Copy nothing from the entries below except the lines from the one containing "PANTONE 2129 C - Colorxs Trilogy Palette" through the one containing "How to Turn Off Sticky Keys Windows 10?", and copy those exactly.

___ Records to use

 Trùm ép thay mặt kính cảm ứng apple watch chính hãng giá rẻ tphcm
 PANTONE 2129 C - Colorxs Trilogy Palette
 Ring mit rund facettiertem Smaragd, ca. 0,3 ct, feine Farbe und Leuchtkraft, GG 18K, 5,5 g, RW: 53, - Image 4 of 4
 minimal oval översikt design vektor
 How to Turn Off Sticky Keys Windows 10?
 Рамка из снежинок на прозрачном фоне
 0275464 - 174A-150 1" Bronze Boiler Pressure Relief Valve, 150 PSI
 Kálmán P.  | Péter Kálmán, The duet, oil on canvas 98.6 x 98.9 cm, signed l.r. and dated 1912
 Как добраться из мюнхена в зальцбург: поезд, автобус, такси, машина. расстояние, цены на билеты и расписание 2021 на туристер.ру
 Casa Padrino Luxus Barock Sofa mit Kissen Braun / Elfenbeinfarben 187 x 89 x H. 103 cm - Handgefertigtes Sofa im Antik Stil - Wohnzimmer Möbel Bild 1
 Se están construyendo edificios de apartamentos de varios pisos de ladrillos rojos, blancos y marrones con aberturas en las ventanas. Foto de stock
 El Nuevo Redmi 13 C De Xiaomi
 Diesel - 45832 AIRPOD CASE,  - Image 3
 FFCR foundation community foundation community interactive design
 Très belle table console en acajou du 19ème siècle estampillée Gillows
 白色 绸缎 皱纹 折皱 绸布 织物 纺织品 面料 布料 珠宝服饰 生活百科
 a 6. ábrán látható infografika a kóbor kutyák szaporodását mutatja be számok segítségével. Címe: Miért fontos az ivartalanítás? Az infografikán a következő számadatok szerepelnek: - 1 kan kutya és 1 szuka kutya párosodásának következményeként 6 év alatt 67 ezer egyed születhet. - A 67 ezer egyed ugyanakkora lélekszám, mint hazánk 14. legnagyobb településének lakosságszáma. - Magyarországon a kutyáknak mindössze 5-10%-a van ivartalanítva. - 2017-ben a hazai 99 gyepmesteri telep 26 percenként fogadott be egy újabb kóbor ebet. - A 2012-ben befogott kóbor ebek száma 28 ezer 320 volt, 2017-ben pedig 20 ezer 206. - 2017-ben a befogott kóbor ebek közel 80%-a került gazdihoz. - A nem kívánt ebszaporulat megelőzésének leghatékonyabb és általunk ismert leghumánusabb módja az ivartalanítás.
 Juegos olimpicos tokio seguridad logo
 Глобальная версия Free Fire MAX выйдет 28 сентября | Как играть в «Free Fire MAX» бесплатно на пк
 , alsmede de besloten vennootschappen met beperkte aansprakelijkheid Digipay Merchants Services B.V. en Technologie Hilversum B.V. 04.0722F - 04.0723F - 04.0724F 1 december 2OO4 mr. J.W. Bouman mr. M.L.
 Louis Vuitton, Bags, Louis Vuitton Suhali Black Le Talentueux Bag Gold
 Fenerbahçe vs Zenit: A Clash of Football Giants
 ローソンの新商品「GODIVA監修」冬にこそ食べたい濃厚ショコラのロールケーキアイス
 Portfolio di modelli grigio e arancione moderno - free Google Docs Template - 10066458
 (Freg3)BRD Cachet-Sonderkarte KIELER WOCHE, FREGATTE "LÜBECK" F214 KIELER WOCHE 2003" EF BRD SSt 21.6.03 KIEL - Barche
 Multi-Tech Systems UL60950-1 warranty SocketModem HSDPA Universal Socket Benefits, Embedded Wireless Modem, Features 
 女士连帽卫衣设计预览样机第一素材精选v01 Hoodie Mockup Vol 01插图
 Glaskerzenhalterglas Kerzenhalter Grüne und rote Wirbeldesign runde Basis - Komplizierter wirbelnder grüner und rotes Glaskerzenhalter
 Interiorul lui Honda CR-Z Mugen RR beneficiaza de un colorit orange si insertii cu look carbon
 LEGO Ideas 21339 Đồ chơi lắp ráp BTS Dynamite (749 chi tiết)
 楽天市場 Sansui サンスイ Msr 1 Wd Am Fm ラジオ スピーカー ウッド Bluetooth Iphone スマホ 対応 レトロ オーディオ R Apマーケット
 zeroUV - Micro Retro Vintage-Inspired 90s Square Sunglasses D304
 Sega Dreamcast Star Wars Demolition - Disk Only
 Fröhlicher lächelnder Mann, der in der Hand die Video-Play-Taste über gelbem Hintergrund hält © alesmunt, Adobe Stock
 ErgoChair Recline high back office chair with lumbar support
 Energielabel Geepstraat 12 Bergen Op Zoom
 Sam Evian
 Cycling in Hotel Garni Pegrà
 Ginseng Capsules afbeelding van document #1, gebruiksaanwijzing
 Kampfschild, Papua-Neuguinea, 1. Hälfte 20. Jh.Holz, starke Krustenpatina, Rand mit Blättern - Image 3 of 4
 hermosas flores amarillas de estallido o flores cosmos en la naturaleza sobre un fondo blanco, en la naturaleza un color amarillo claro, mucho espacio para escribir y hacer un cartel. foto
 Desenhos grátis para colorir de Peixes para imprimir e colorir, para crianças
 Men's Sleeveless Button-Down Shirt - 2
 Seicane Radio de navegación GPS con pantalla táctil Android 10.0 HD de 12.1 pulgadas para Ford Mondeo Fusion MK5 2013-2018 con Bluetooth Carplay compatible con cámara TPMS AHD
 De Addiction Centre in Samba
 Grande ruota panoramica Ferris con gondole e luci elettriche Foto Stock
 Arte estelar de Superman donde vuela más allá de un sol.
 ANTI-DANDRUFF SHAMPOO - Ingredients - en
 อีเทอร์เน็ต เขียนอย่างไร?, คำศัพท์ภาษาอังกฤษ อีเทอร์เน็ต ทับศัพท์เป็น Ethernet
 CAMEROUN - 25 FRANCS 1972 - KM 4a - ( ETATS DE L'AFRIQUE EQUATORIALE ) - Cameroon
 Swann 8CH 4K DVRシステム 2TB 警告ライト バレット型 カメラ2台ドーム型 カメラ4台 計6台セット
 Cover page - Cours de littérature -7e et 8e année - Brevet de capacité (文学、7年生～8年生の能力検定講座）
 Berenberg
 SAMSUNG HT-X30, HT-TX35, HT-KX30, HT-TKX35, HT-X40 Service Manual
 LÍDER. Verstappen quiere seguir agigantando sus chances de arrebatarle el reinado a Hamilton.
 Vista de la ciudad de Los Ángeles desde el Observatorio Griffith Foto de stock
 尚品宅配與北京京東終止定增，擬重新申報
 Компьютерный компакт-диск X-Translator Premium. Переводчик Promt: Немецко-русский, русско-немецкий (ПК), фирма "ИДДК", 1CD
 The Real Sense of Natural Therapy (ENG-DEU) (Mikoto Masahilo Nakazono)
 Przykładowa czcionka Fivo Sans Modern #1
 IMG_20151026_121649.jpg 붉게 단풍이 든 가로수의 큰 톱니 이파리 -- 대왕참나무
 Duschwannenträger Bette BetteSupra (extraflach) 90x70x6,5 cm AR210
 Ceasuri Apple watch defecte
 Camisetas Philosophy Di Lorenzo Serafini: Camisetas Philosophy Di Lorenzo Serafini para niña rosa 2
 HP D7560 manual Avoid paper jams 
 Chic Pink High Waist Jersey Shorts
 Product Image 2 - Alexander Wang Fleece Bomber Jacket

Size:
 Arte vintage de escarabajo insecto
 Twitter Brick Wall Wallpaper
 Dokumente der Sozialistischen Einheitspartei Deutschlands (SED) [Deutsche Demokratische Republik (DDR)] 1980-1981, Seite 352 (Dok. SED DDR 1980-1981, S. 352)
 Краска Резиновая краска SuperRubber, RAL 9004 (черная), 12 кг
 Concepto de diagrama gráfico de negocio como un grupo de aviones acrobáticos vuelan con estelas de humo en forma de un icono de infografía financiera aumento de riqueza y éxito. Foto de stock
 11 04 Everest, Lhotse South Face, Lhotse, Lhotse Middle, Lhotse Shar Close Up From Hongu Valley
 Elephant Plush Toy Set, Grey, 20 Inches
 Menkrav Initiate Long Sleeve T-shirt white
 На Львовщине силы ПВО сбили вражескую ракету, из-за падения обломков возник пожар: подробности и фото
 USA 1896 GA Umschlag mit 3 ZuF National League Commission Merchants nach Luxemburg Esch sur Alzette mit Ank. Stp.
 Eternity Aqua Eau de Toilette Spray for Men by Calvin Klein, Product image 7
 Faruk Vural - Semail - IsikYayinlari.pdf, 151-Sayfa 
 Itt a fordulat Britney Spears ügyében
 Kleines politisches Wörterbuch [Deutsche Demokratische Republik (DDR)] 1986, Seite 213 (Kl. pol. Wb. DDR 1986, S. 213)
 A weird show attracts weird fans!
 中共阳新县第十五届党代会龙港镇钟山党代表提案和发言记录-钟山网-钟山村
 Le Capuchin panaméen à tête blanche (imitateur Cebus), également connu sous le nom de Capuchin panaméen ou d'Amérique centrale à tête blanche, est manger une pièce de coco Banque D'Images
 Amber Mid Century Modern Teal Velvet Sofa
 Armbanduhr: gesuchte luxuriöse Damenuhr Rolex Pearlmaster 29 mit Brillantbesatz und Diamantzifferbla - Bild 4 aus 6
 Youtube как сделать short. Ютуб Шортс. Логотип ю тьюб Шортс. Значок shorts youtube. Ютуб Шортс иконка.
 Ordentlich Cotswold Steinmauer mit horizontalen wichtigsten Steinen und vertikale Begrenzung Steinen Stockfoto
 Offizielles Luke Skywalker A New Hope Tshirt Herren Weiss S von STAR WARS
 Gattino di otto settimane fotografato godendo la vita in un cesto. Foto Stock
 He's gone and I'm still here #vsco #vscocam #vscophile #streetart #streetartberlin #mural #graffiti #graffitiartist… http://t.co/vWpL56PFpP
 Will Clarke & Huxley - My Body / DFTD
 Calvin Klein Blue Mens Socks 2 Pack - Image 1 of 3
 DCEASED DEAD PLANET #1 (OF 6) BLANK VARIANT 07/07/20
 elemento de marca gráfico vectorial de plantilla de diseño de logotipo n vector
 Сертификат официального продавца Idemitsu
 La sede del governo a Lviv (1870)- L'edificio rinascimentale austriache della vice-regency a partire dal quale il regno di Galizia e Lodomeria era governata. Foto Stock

______

- **Solution for this task**
 PANTONE 2129 C - Colorxs Trilogy Palette
 Ring mit rund facettiertem Smaragd, ca. 0,3 ct, feine Farbe und Leuchtkraft, GG 18K, 5,5 g, RW: 53, - Image 4 of 4
 minimal oval översikt design vektor
 How to Turn Off Sticky Keys Windows 10?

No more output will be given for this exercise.